Le second point important est que ces revenus et patrimoines sont à 80 % la propriété des ménages : par définition, les entreprises ne possèdent presque rien, puisqu'elles distribuent l'essentiel de ce qu'elles produisent aux ménages salariés et actionnaires. C'est ce qui permet de comprendre pourquoi le choc initial provoqué par la crise des subprimes, évalué à environ 1 000 milliards de dollars (soit l'équivalent de 10 millions de ménages américains ayant chacun emprunté 100 000 dollars), bien que d'une ampleur modeste par comparaison au patrimoine total des ménages, puisse menacer d'effondrement l'ensemble du système financier. La plus grande banque française, BNP Paribas, affiche ainsi 1 690 milliards d'actifs pour 1 650 milliards de passifs, soit 40 milliards de fonds propres. Les comptes de Lehman Brothers avant la faillite n'étaient guère différents, de même que ceux des autres banques de la planète. Le fait central est que les banques sont des organismes fragiles qui peuvent être dévastés par un choc de 1 000 milliards de dévalorisations d'actifs.

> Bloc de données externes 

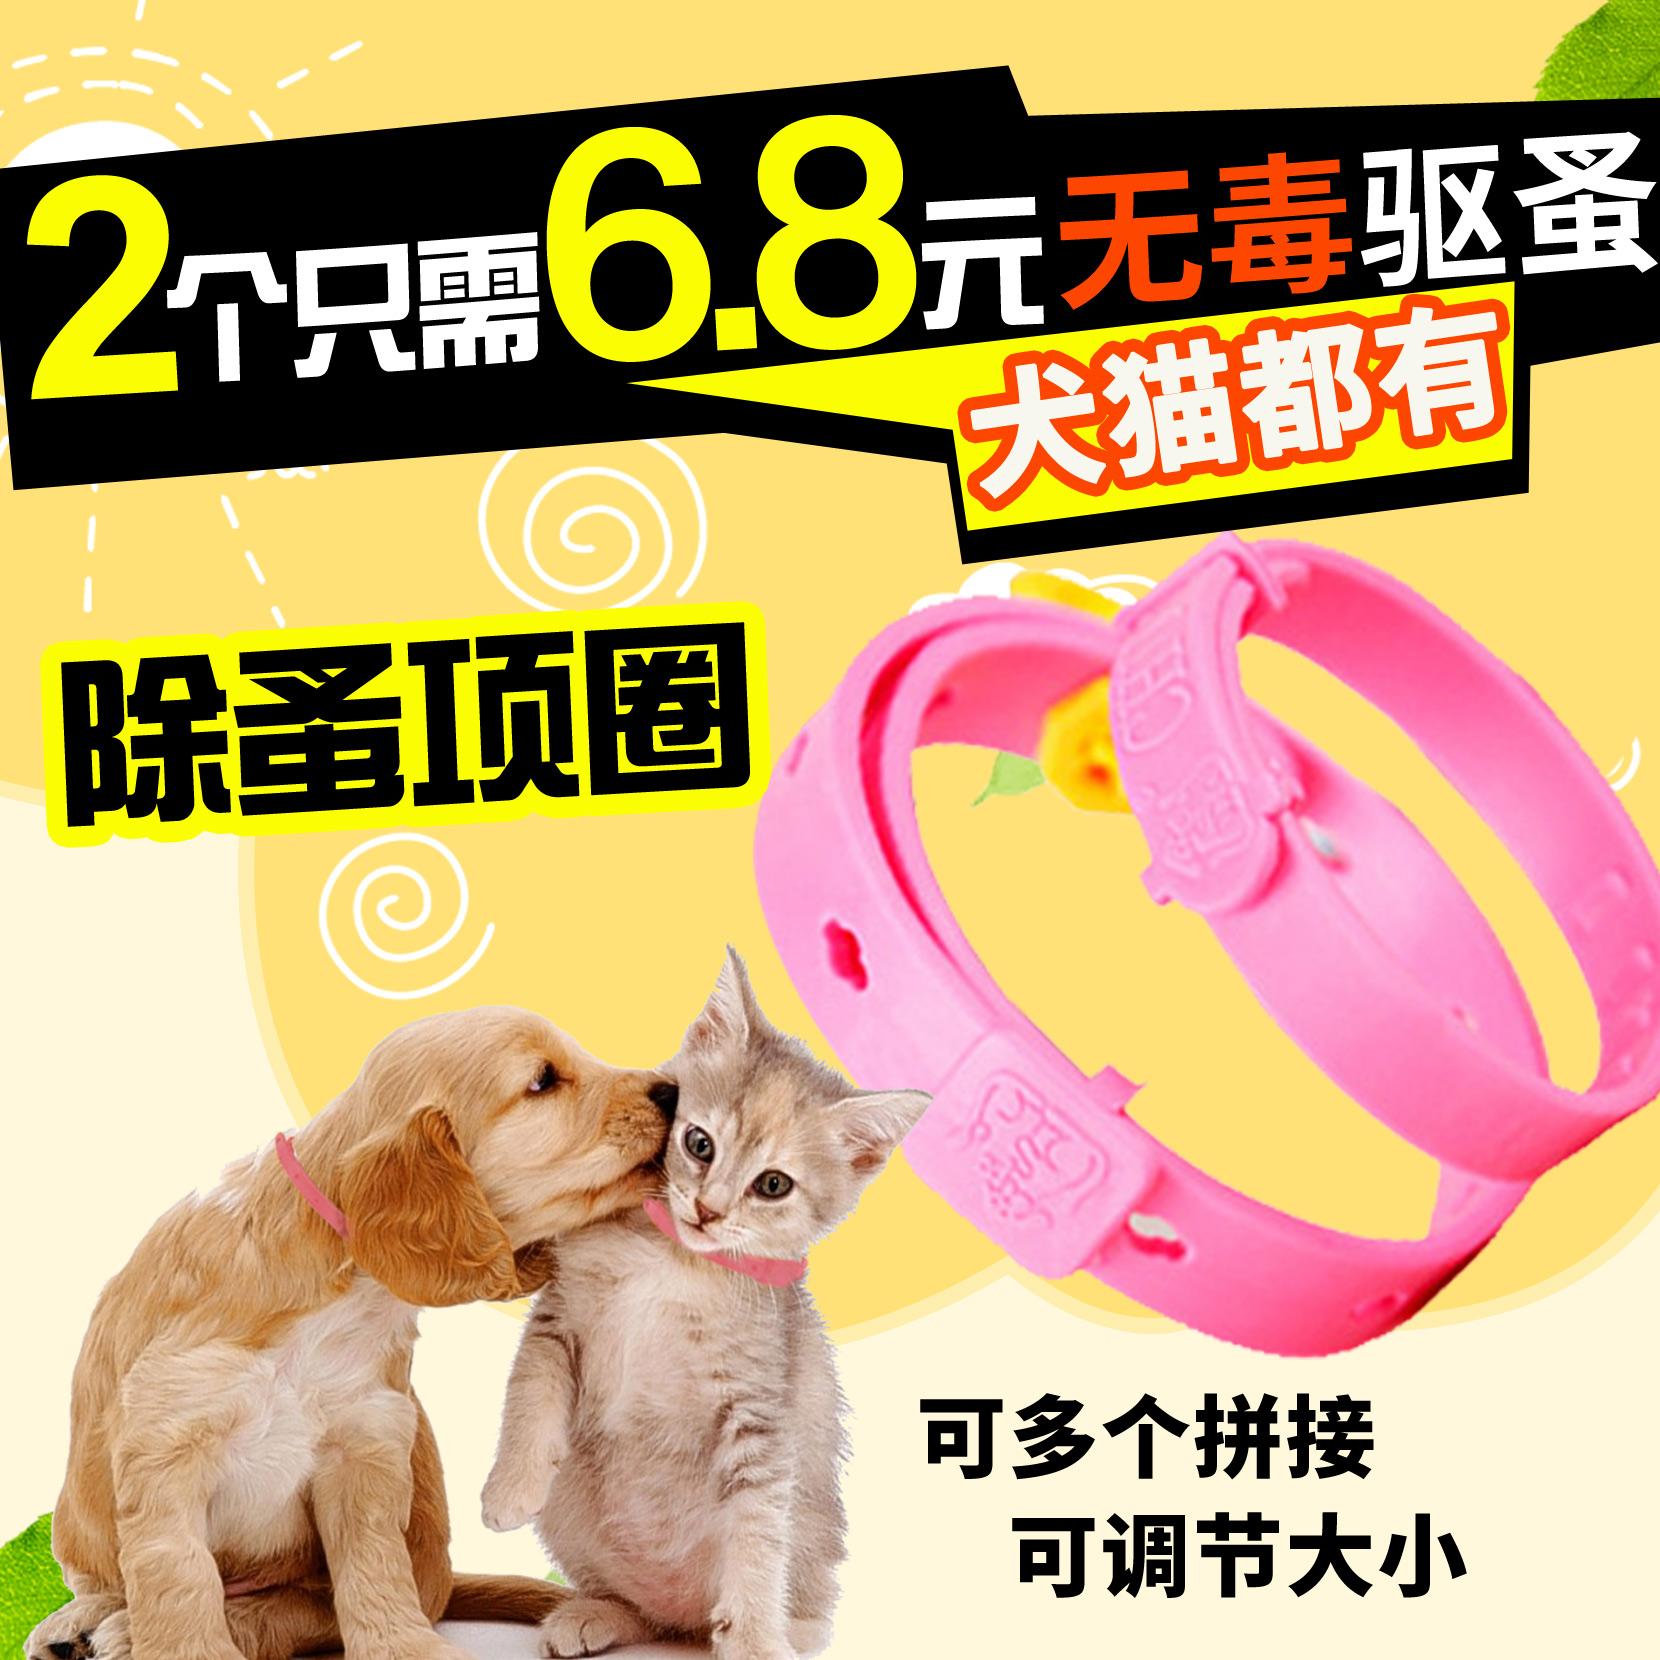 2只价 狗狗猫咪体外驱虫圈除蚤项圈宠物驱虫去防跳蚤虱子狗圈猫圈

Face à une telle réalité, intervenir pour éviter la crise systémique est légitime, mais cela ne peut se faire qu'à plusieurs conditions. D'abord, s'assurer que les actionnaires et dirigeants des banques renflouées par le contribuable paient le prix de leurs erreurs, ce qui n'a pas toujours été le cas dans les interventions récentes. Ensuite et surtout, mettre en place une régulation financière implacable permettant de s'assurer que l'on ne pourra plus diffuser impunément des actifs toxiques sur les marchés - avec la même vigueur que les agences de sécurité alimentaire contrôlent l'introduction de nouveaux produits. Cela ne pourra jamais se faire tant qu'on laissera plus de 10 000 milliards d'actifs gérés dans les paradis fiscaux de la façon la plus opaque. Et il faut mettre fin aux rémunérations indécentes observées dans la finance, qui ont contribué à stimuler des prises de risque excessives. Cela passera nécessairement par un alourdissement de la progressivité fiscale pour les plus hauts revenus, aux antipodes de la politique française de bouclier fiscal, qui vise au contraire à exonérer à l'avance les plus favorisés de tout effort pour payer la note. Avec une telle stratégie, il est probable qu'il faille se préparer à des crises plus violentes encore, sociales et politiques.
Thomas Piketty est directeur d'études à l'EHESS et professeur à l'Ecole d'économie de Paris.